▶ [Data supplied]:
Start of Block
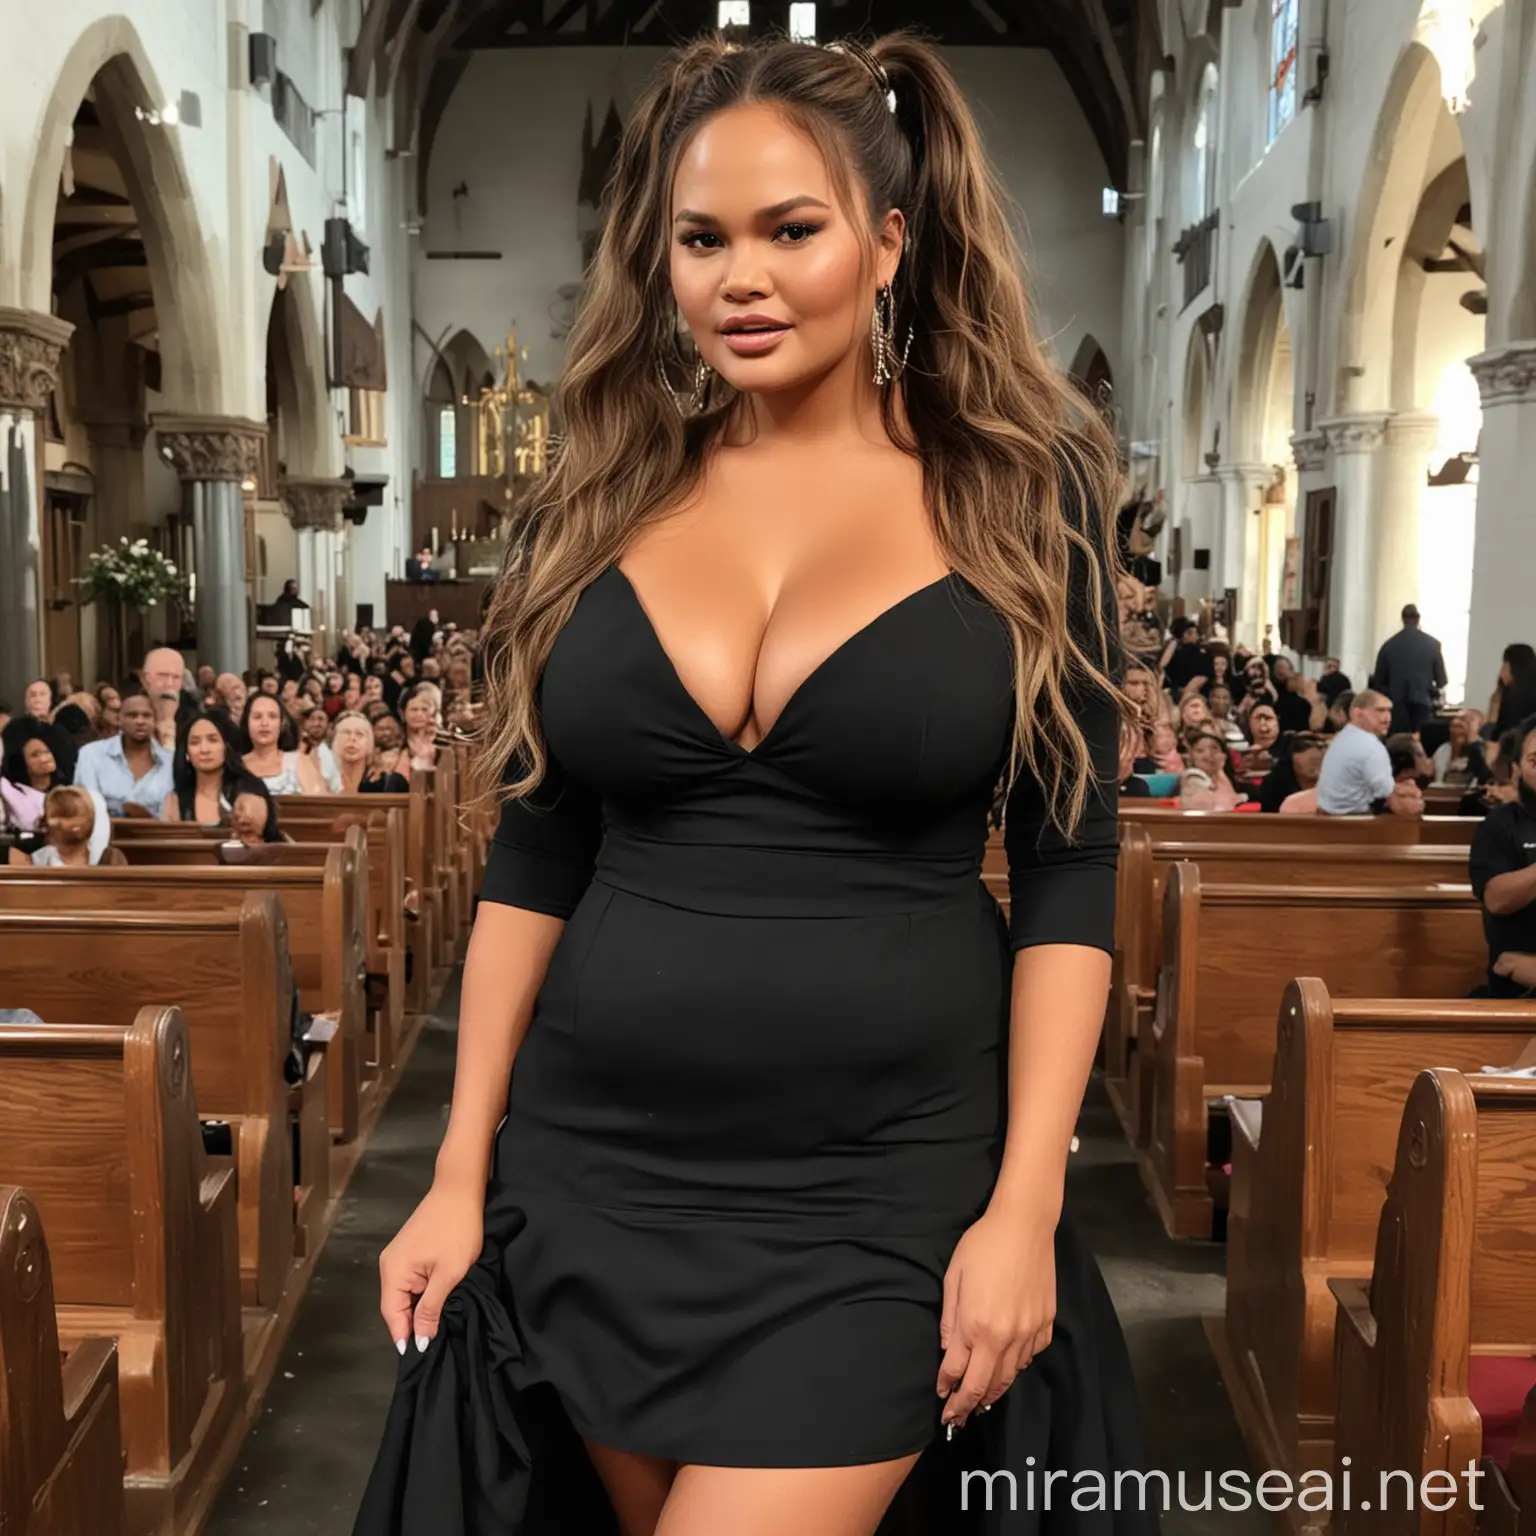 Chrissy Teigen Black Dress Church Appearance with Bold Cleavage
End of Block
Start of Block
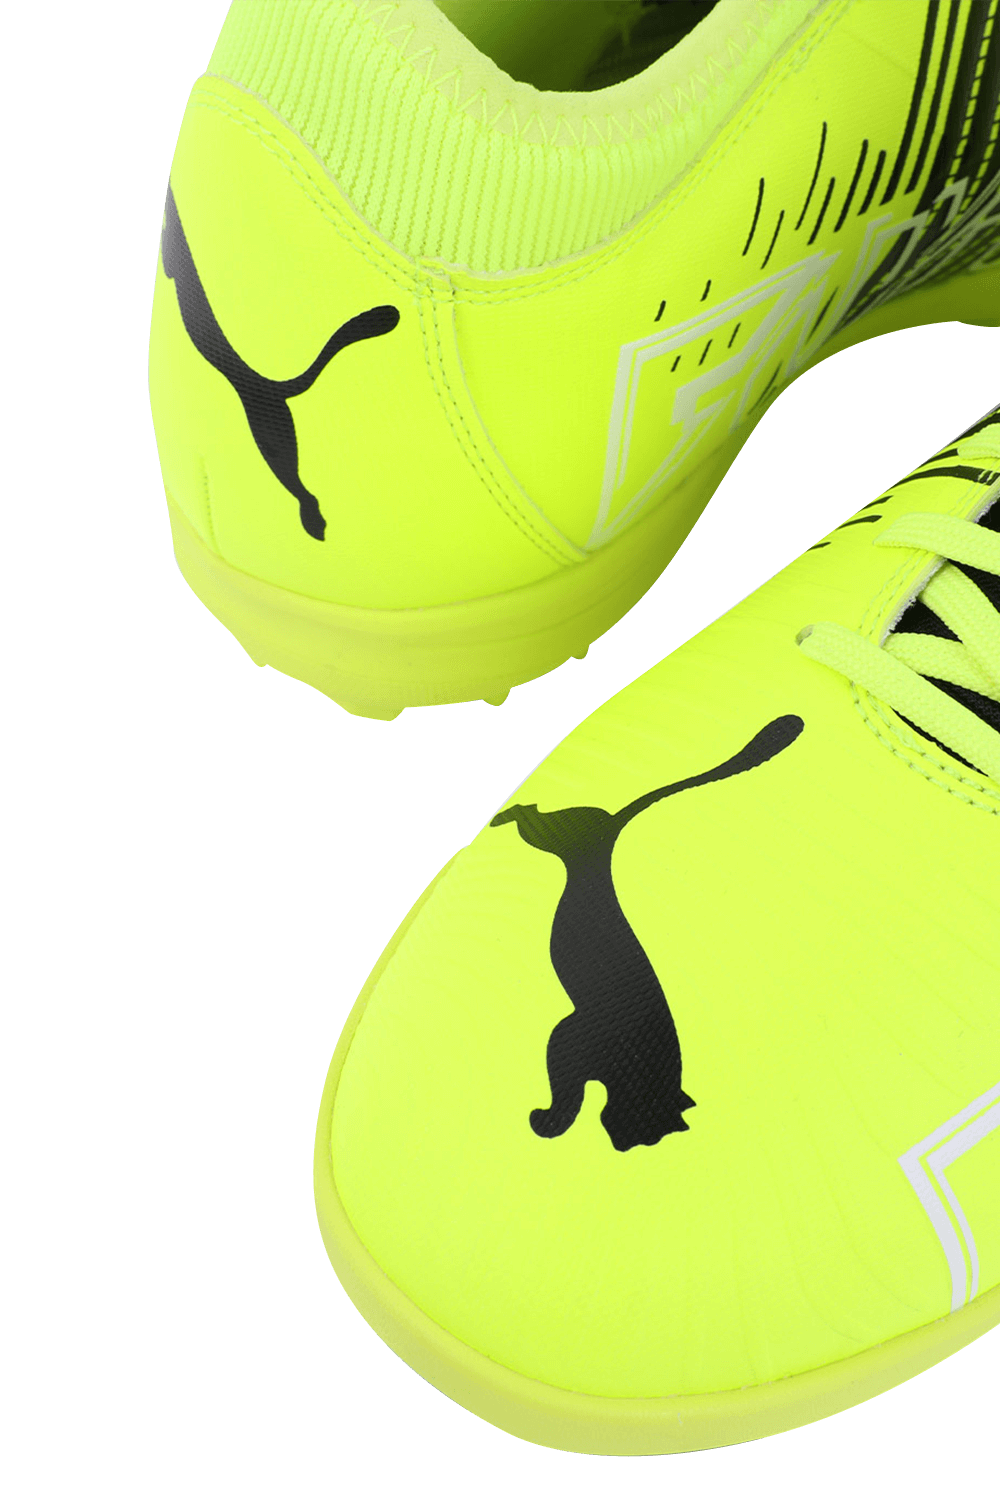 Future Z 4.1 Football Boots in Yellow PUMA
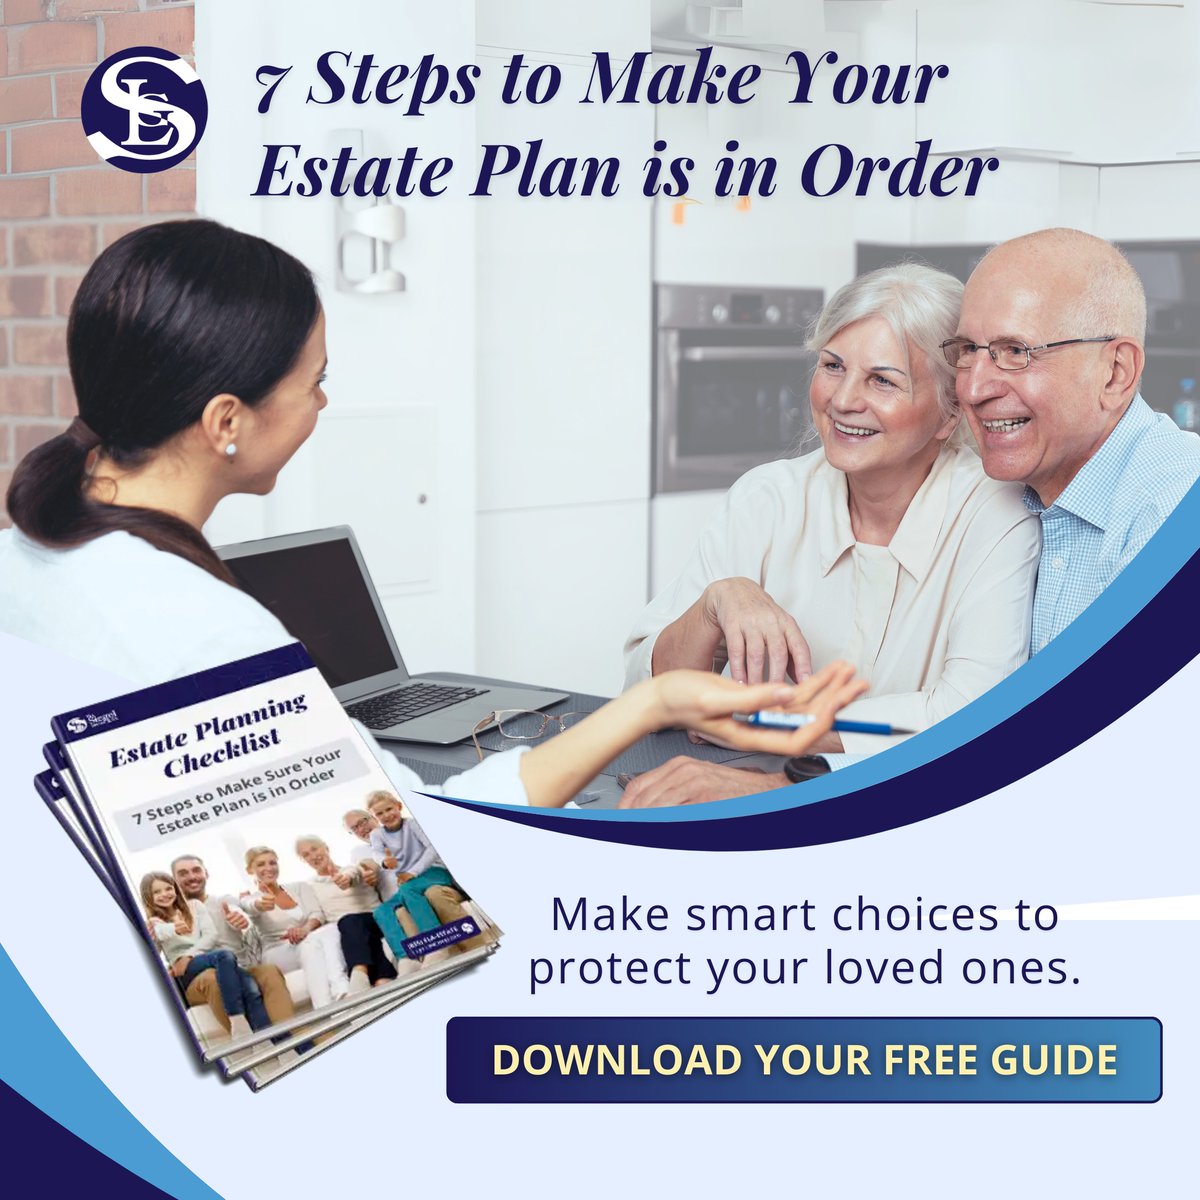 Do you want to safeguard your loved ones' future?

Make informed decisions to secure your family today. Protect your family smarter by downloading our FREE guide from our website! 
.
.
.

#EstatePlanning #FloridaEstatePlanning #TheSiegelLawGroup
End of Block
▶ [Task to complete]:
Copy nothing but the lines above that run from the one with "Future Z 4.1 Football Boots in Yellow PUMA" to the one with "#EstatePlanning #FloridaEstatePlanning #TheSiegelLawGroup", ends included; pictures stay out.

▶ [Your solution]:
 Future Z 4.1 Football Boots in Yellow PUMA
 Do you want to safeguard your loved ones' future?

Make informed decisions to secure your family today. Protect your family smarter by downloading our FREE guide from our website! 
.
.
.

#EstatePlanning #FloridaEstatePlanning #TheSiegelLawGroup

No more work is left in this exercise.